- _WHAT IS NEEDED_:
An exact copy of each line below is needed, with no images in it.

(Beginning of DATA BLOCK)

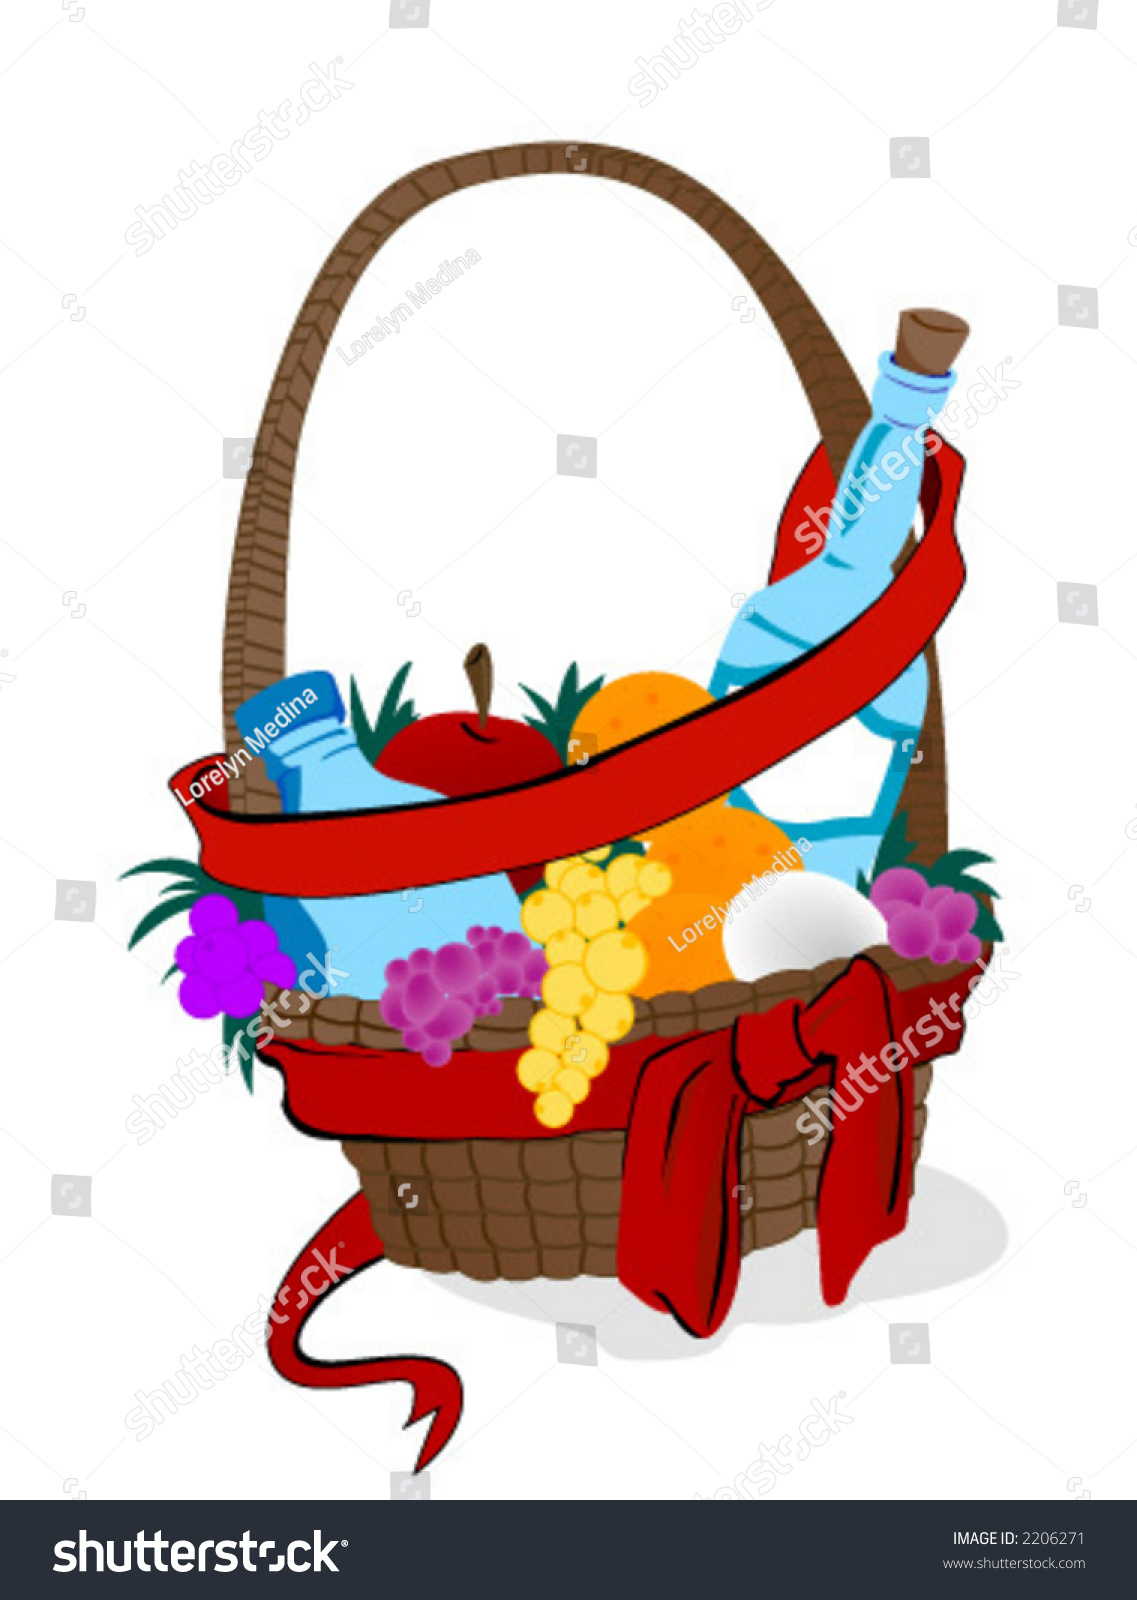 clipart gift baskets - photo #25
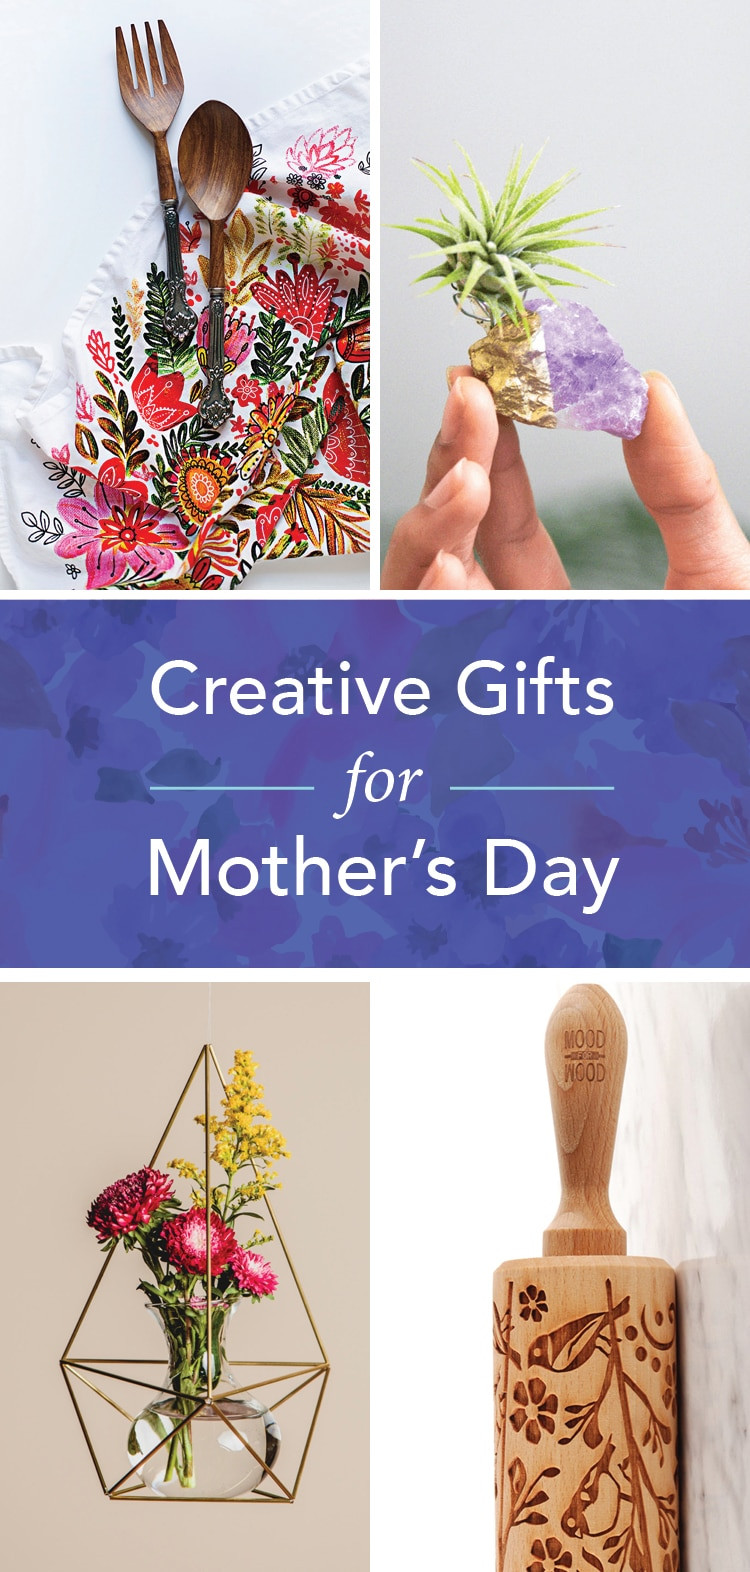 Creative Mother's Day Gifts
 20 Creative Mother s Day Gifts for the Greatest Woman in
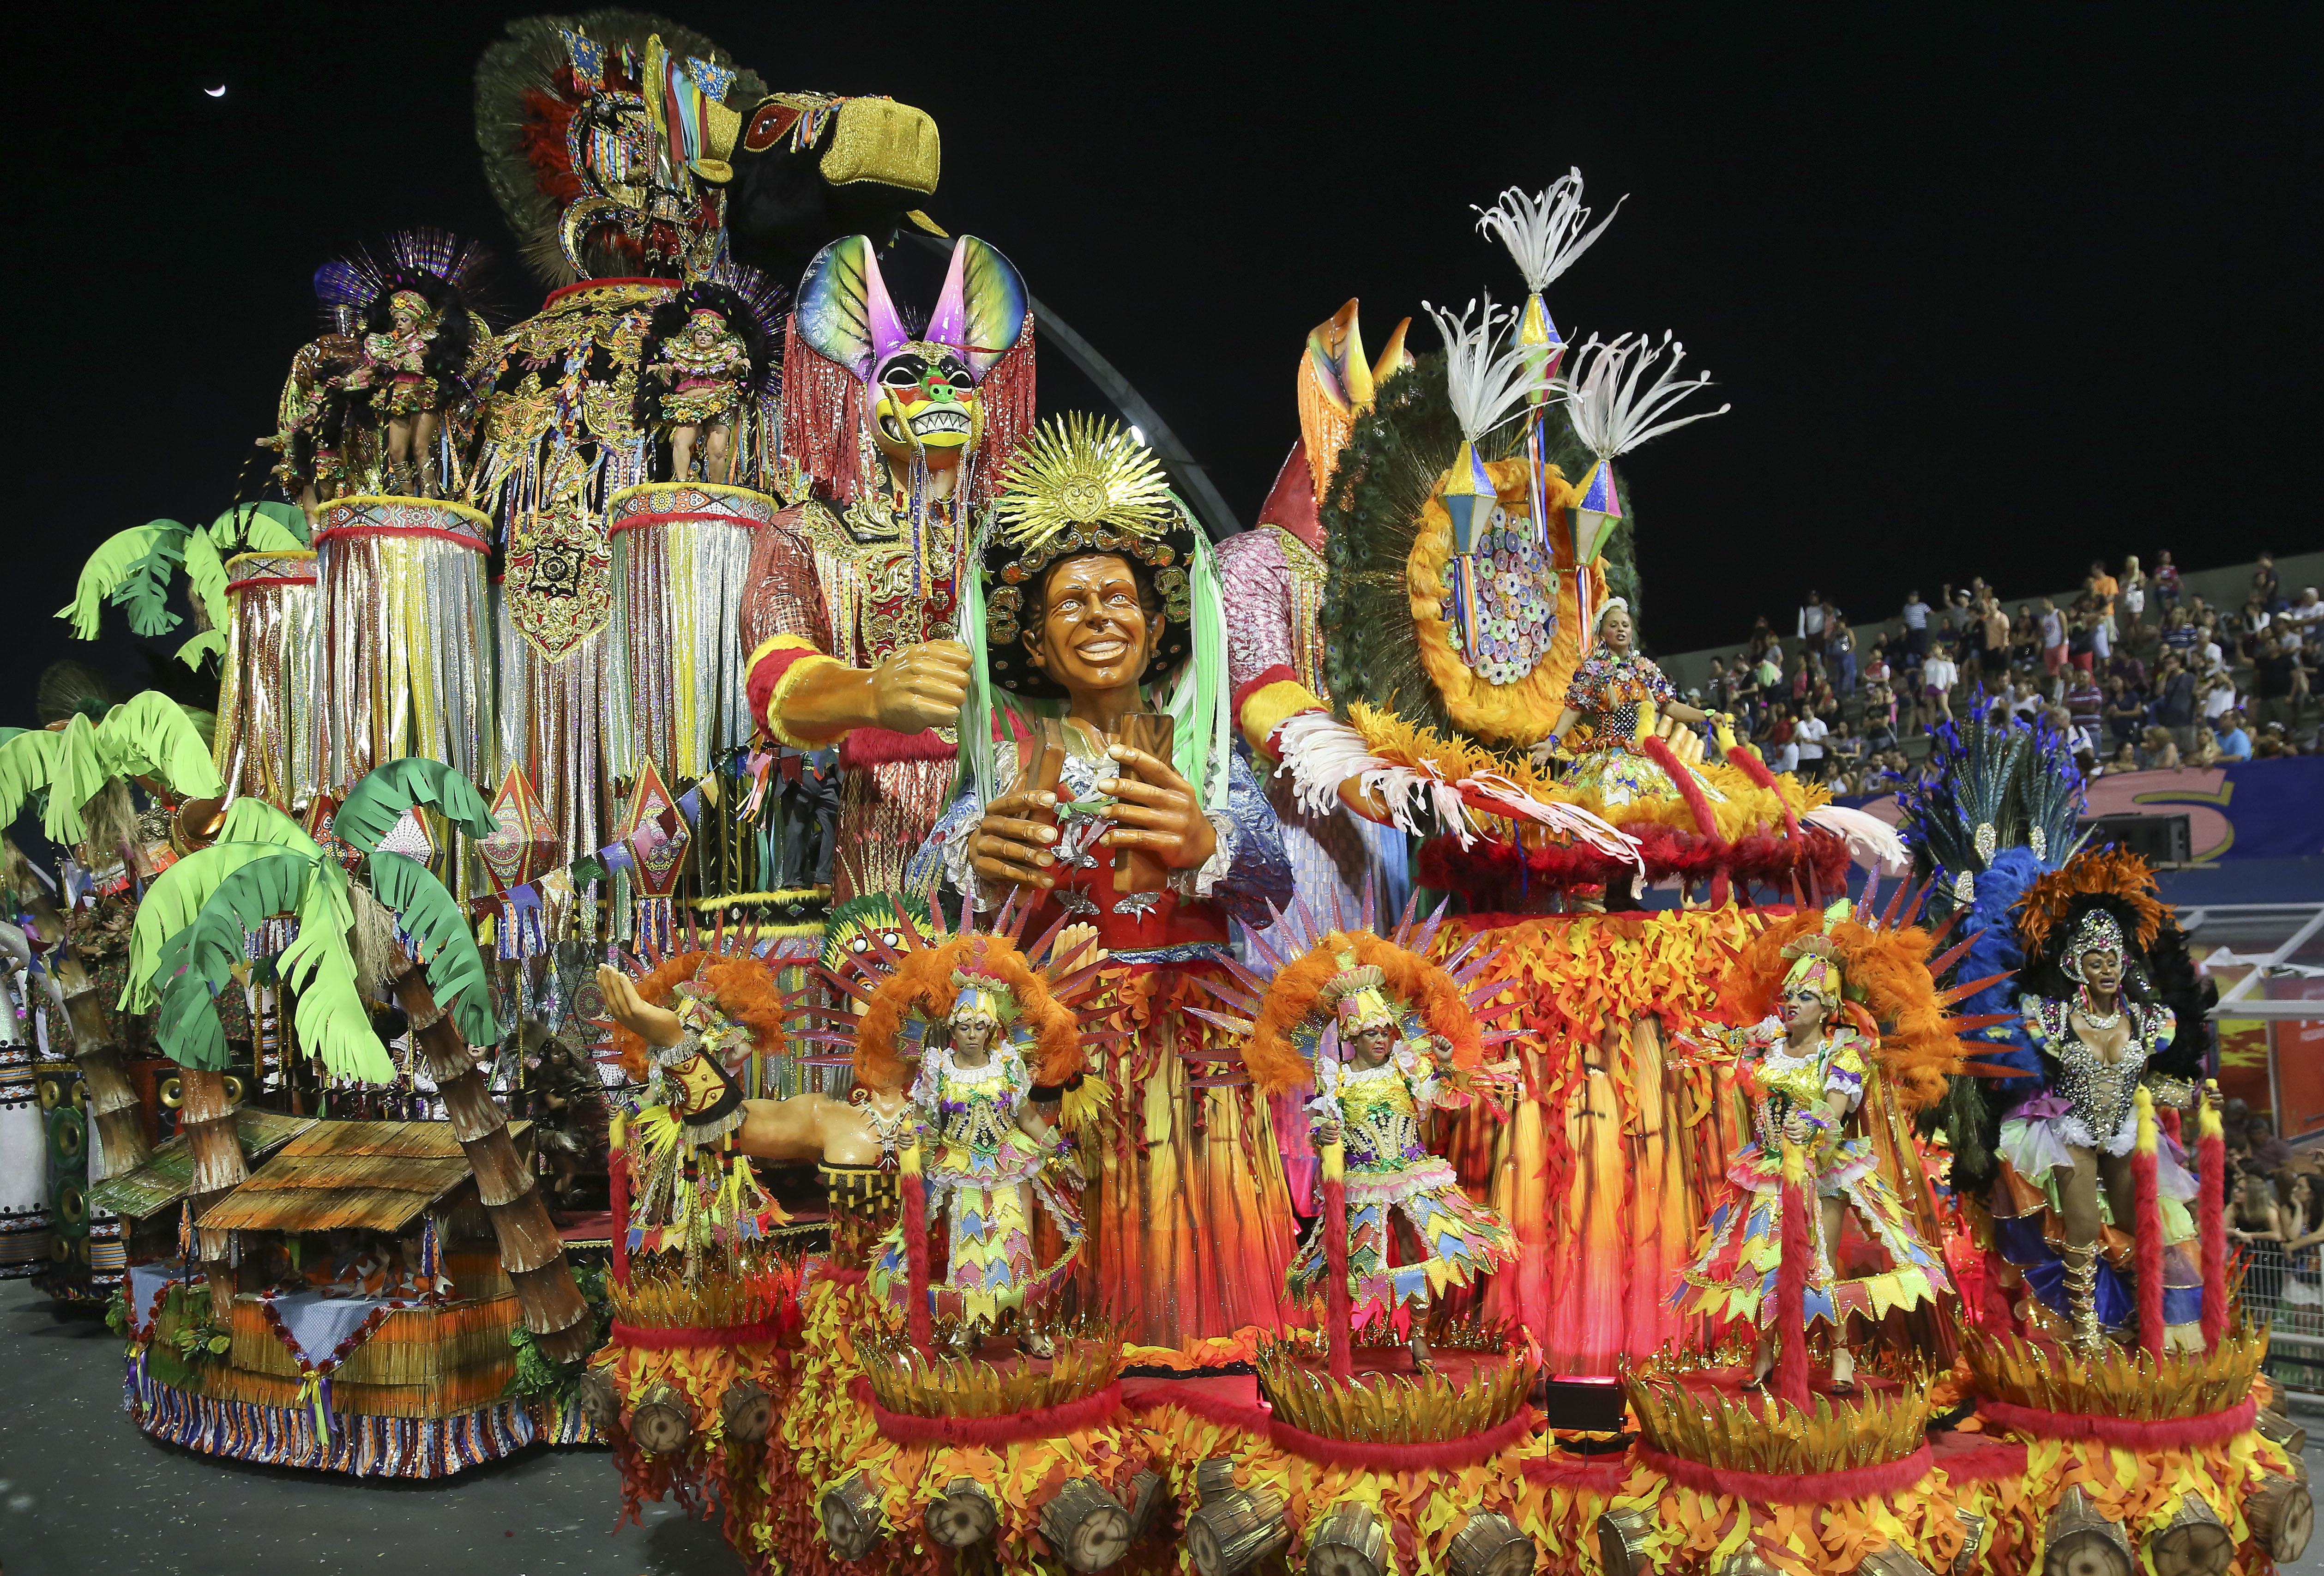 Dancers from the Academicos do Tatuape samba school perform on a float during a carnival parade in Sao Paulo (Andre Penner/AP)

(End of DATA BLOCK)

- _THE ANSWER_:
 clipart gift baskets - photo #25
 Creative Mother's Day Gifts
 20 Creative Mother s Day Gifts for the Greatest Woman in
 Dancers from the Academicos do Tatuape samba school perform on a float during a carnival parade in Sao Paulo (Andre Penner/AP)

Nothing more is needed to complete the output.